Women in the Sun () is a 2008 South Korean television series starring Kim Ji-soo, Lee Ha-na, Han Jae-suk and Jung Gyu-woon. It aired on KBS2 from May 28 to July 31, 2008, for 20 episodes.

Plot
Shin Do-young is a popular TV news anchor who seemingly has it all: good looks and brains, a cushy job and a privileged upbringing.
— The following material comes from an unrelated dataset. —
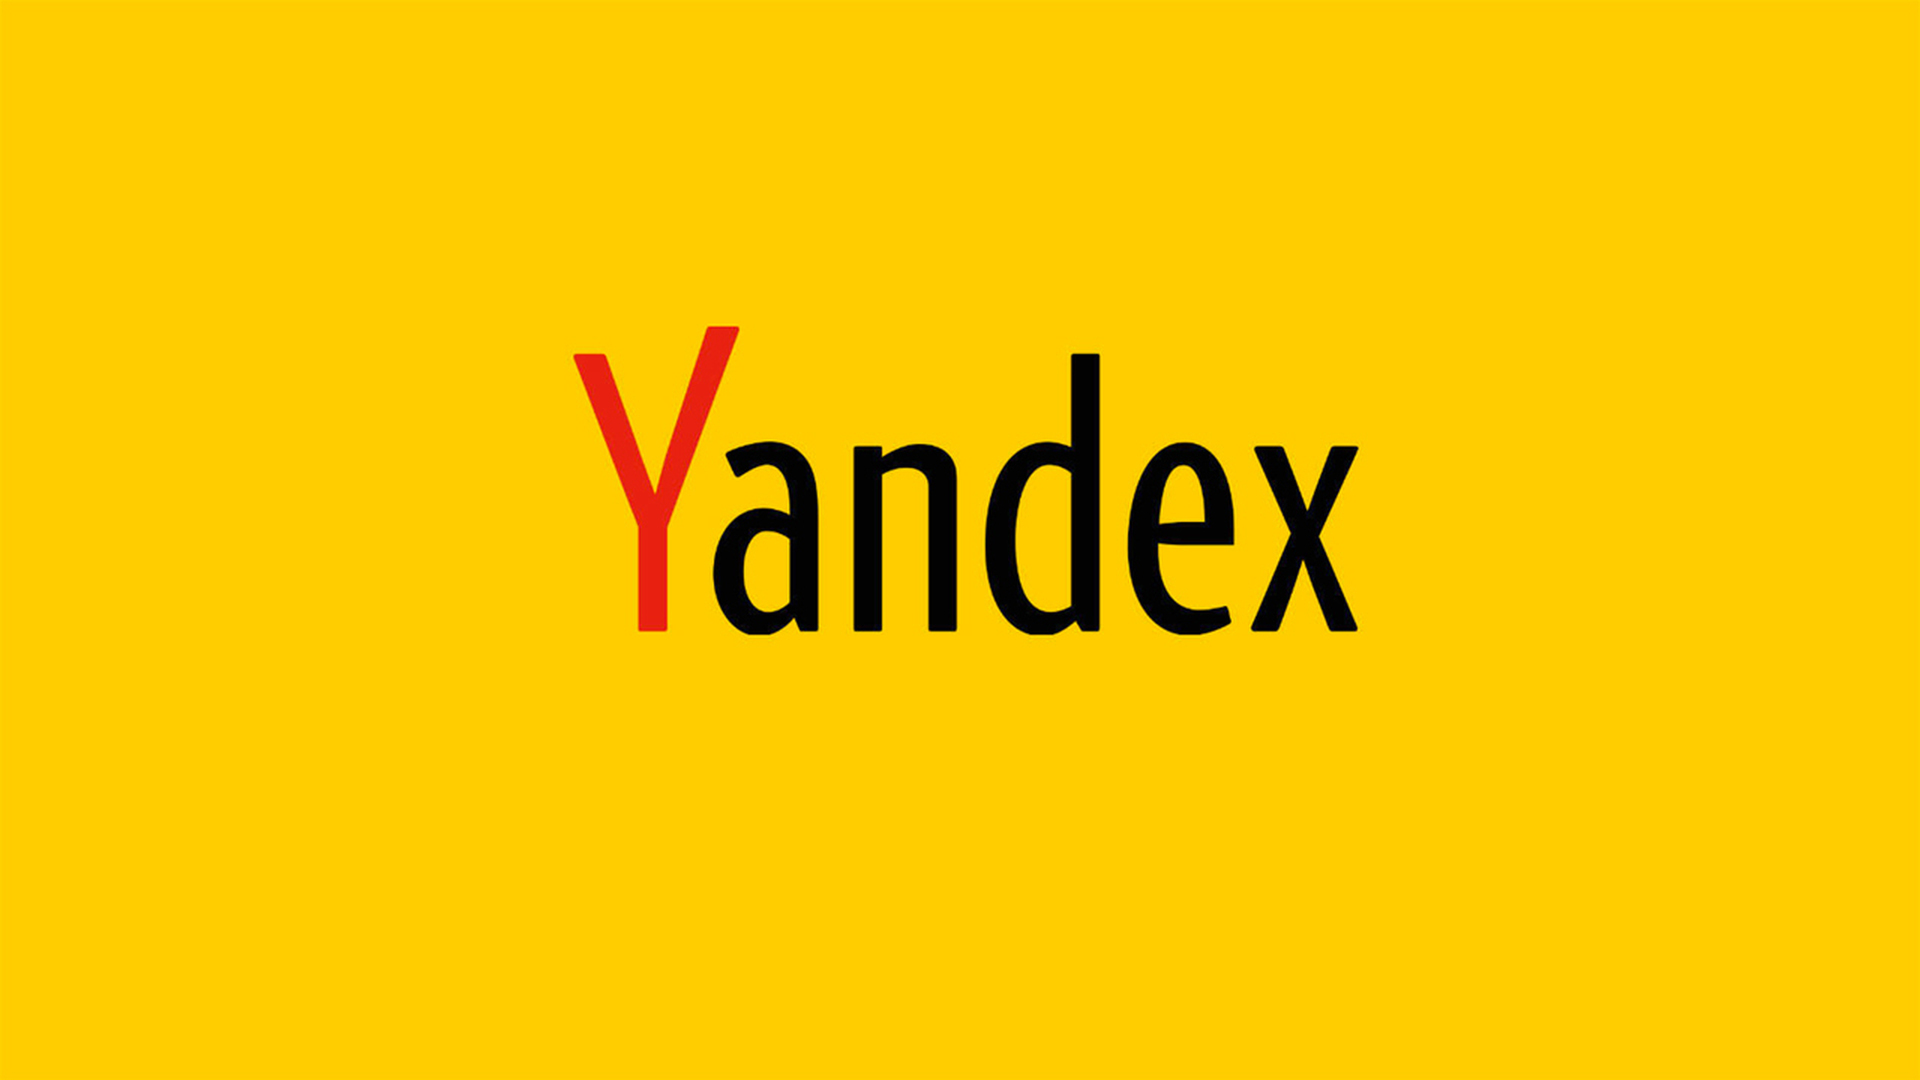 Yango - международный бренд Яндекса - запустил на Ближнем Востоке развлекательный сервис Yango Play — Известия

But Do-young has a deep, dark secret. She was abandoned at an orphanage at a young age, but was adopted by a nice, well-off couple who were unable to have children of their own. But to the couple's surprise, they conceived a few years after Do-young's adoption, which led to the birth of their biological daughter, Ji-young. Afraid of losing the love of her adoptive parents, the teenage Do-young abandoned her five-year-old sister at a train station.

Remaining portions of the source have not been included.